Meet the photographers of NZ Birds Online

Juvenile mōhua (yellowhead), Eglinton Valley, Fiordland. Photographer: Glenda Rees © Glenda Rees, courtesy NZ Birds Online

Juvenile mōhua (yellowhead), Eglinton Valley, Fiordland. Photographer: Glenda Rees © Glenda Rees, courtesy NZ Birds Online

Packed full of stunning pictures, detailed information and beautiful bird calls, NZ Birds Online is an online encyclopaedia of birds created in collaboration between Te PapaDOC and OSNZ.

We’re indebted to the photographers who’ve shared their images with us – and now the world!

First up in our Meet the photographers series is Glenda Rees, an avid birder, whose adventures photographing birds almost ended in quicksand disaster…

Royal spoonbill in flight with nesting material, South Westland. Photographer: Glenda Rees © Glenda Rees, courtesy NZ Birds Online

Royal spoonbill in flight with nesting material, South Westland. Photographer: Glenda Rees © Glenda Rees, courtesy NZ Birds Online

How do you hear about the NZ Birds Online project?

I first heard about the NZ Birds Online project from Neil Robertson who is the Southland Regional Rep for OSNZ.  He thought this would be a project where I could share my bird photographs.  So I signed up to the initial base website and had fun posting images of the many birds I had collected.

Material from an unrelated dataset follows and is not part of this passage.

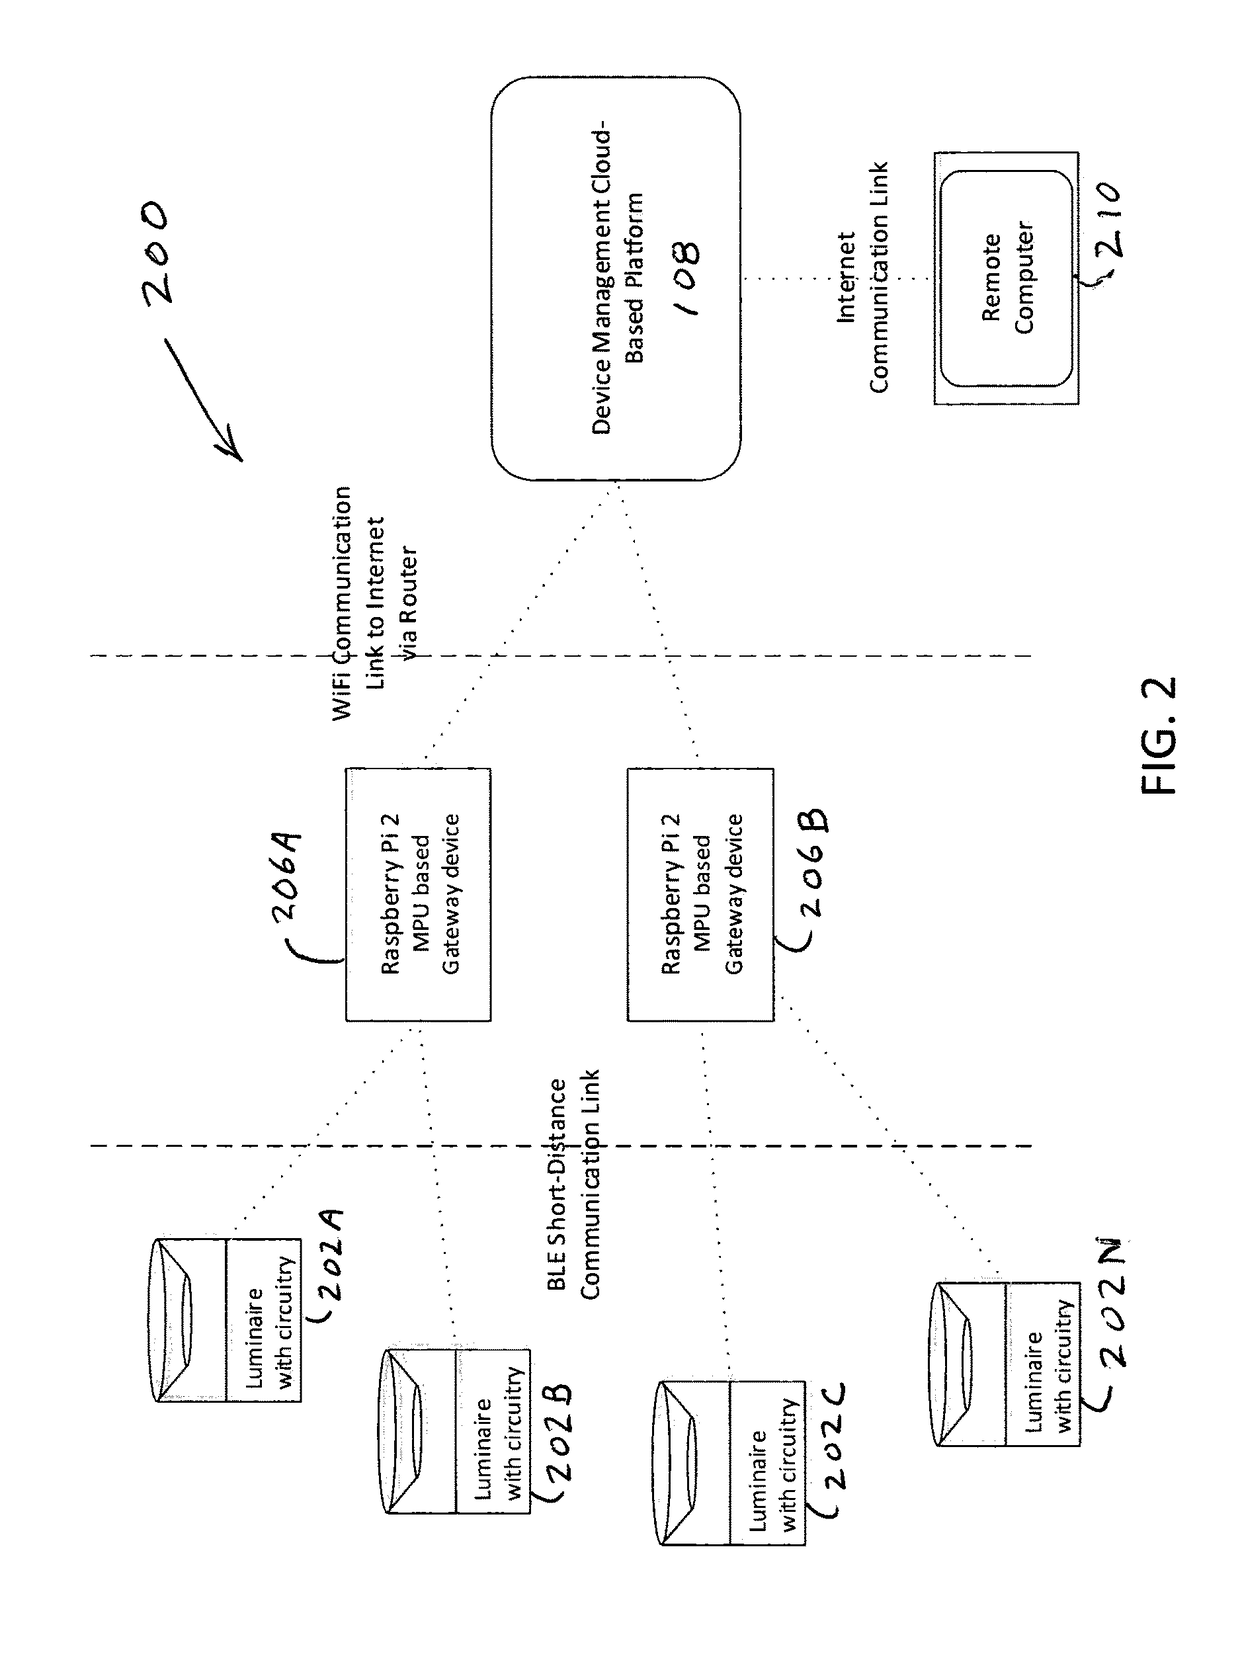 Remote controlled LED based id emitter and deployment, and application of same to multi-factor authentication

What images are you most proud of on NZ Birds Online?

To be honest I would say all of them, as they have all been an achievement for me, however I think I am most proud of my spoonbill in flight as it was my first “significant” image and has led me to challenge myself.

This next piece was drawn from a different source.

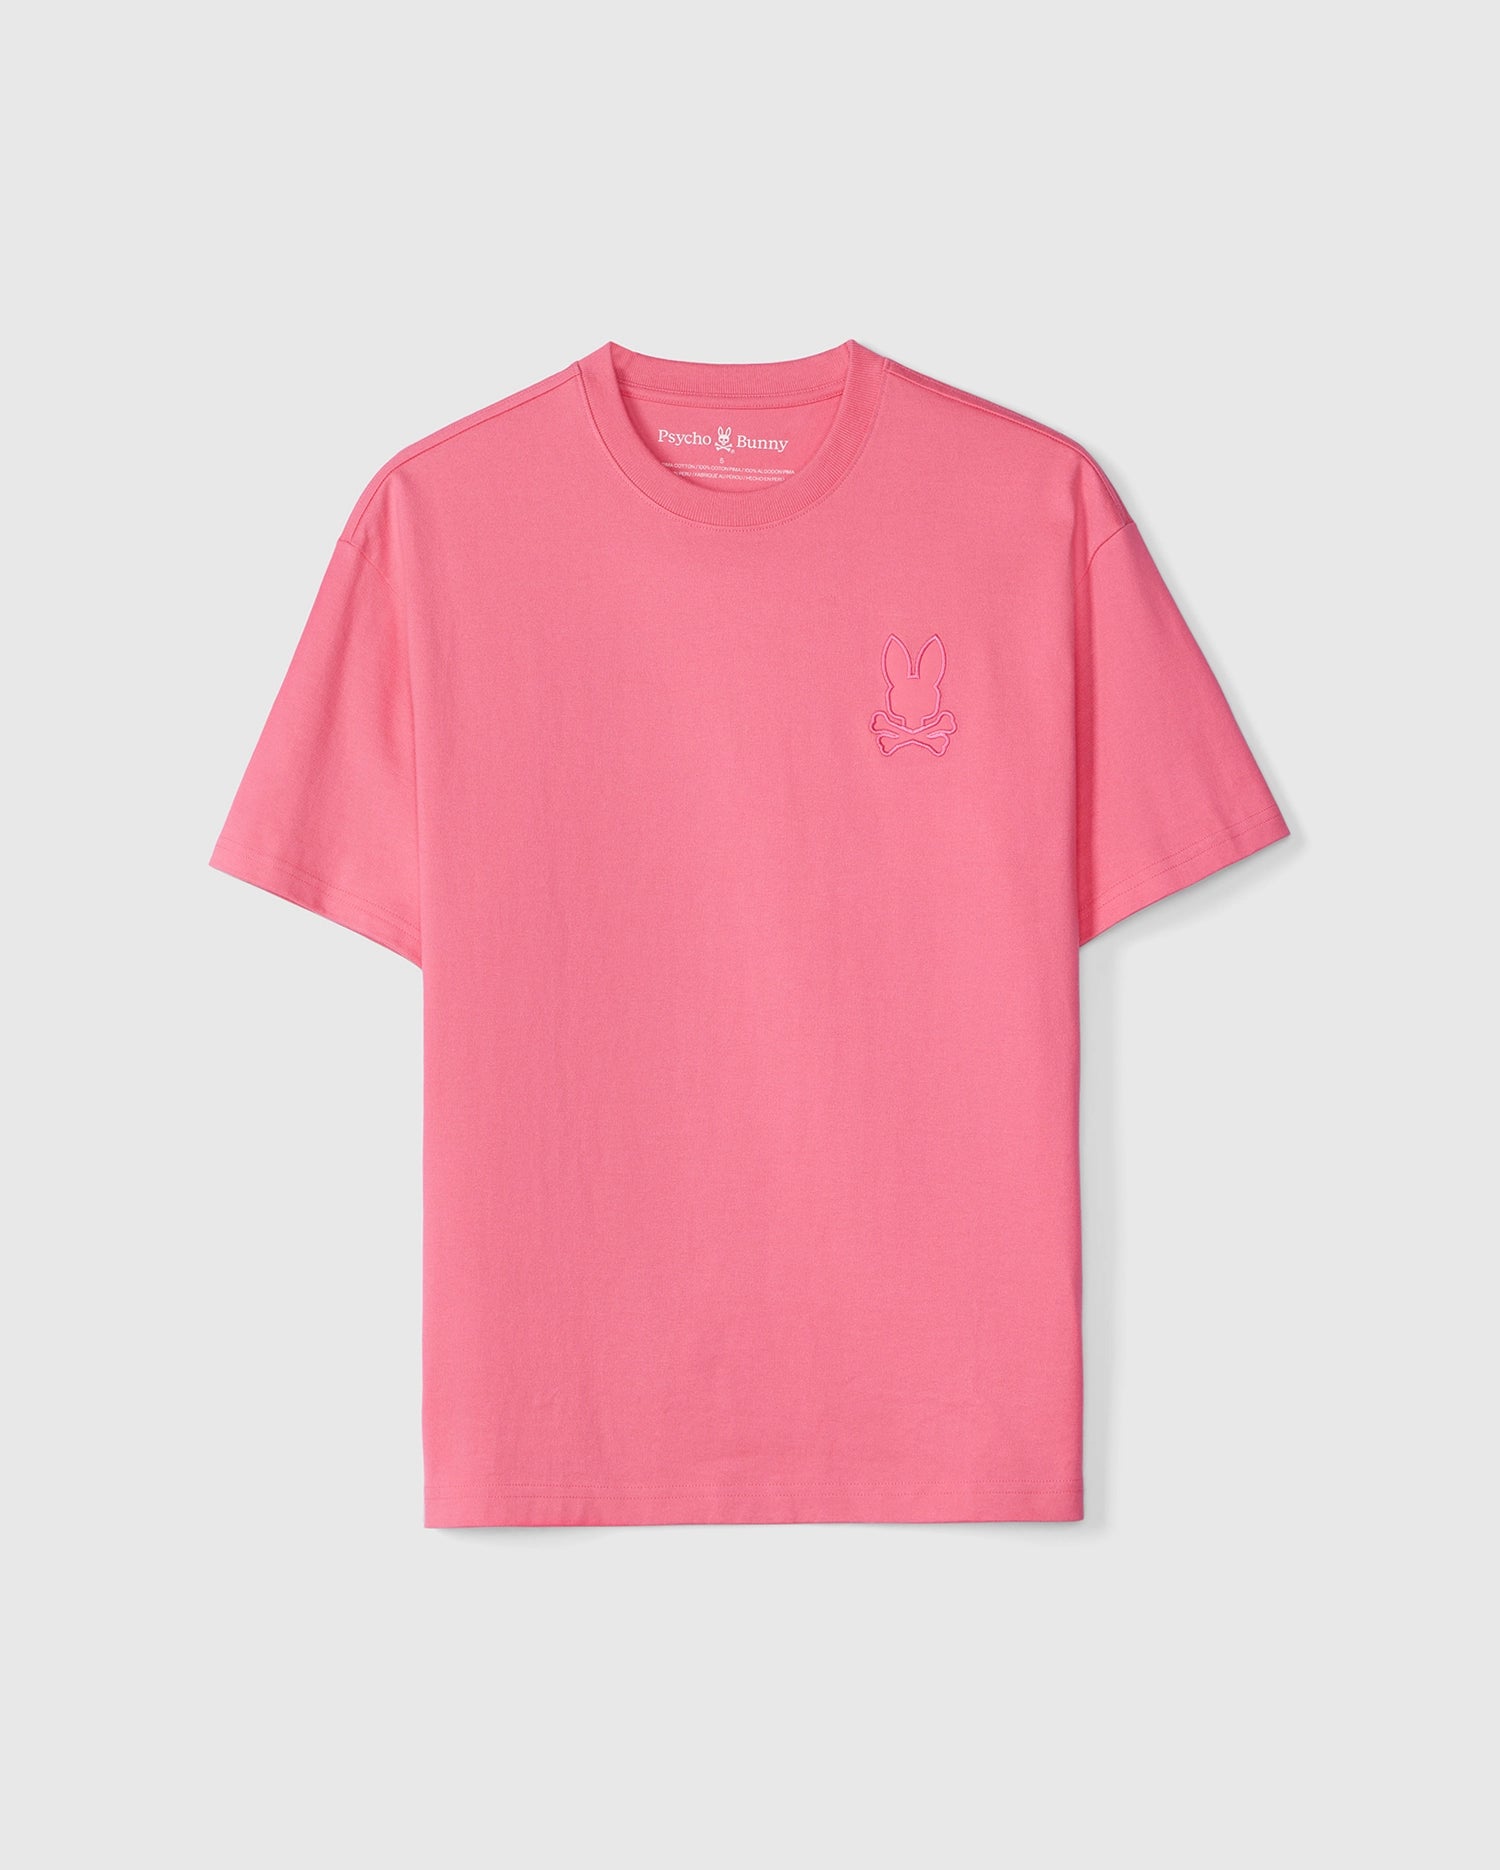 A plain pink MENS DANBY OVERSIZED TEE - B6U359B2TS with a small, purple bunny embroidered appliqué on the left chest area, displayed against a white background by Psycho Bunny.

I am also proud of my kaki (black stilt) in flight as it was also my first sighting of this rare species and to capture it in incoming flight mode is something I have never achieved since, despite numerous attempts.

Adult black stilt landing showing underwings, Ohau River delta. Photographer: Glenda Rees © Glenda, courtesy NZ Birds Online

Adult black stilt landing showing underwings, Ohau River delta. Photographer: Glenda Rees © Glenda, courtesy NZ Birds Online

And my most recent proud moment was finally seeing a mōhua (yellowhead) making several trips searching for one.  This was a “miracle” as my gear malfunctioned right at the critical moment but the bird remained there while I spent what seemed like forever trying to rectify things and I got this one shot before it flitted away!

What’s your favourite bird species to photograph?

The rifleman and black-fronted tern, but probably the ones I enjoy the most are the New Zealand dotterel (southern sub-species).

Adult New Zealand dotterel, southern species, landing, in non-breeding plumage, Awarua Bay, Southland. Photographer: Glenda Rees © Glenda, courtesy NZ Birds Online

Adult New Zealand dotterel, southern species, landing, in non-breeding plumage, Awarua Bay, Southland. Photographer: Glenda Rees © Glenda, courtesy NZ Birds Online

They are such “friendly” birds and to me are the “teddybears” of the bird world.  They are inquisitive and play to my camera.  They have given me my most successful images but capturing them has also given me some of my most frightening moments – getting caught in quicksand, king tides and storms!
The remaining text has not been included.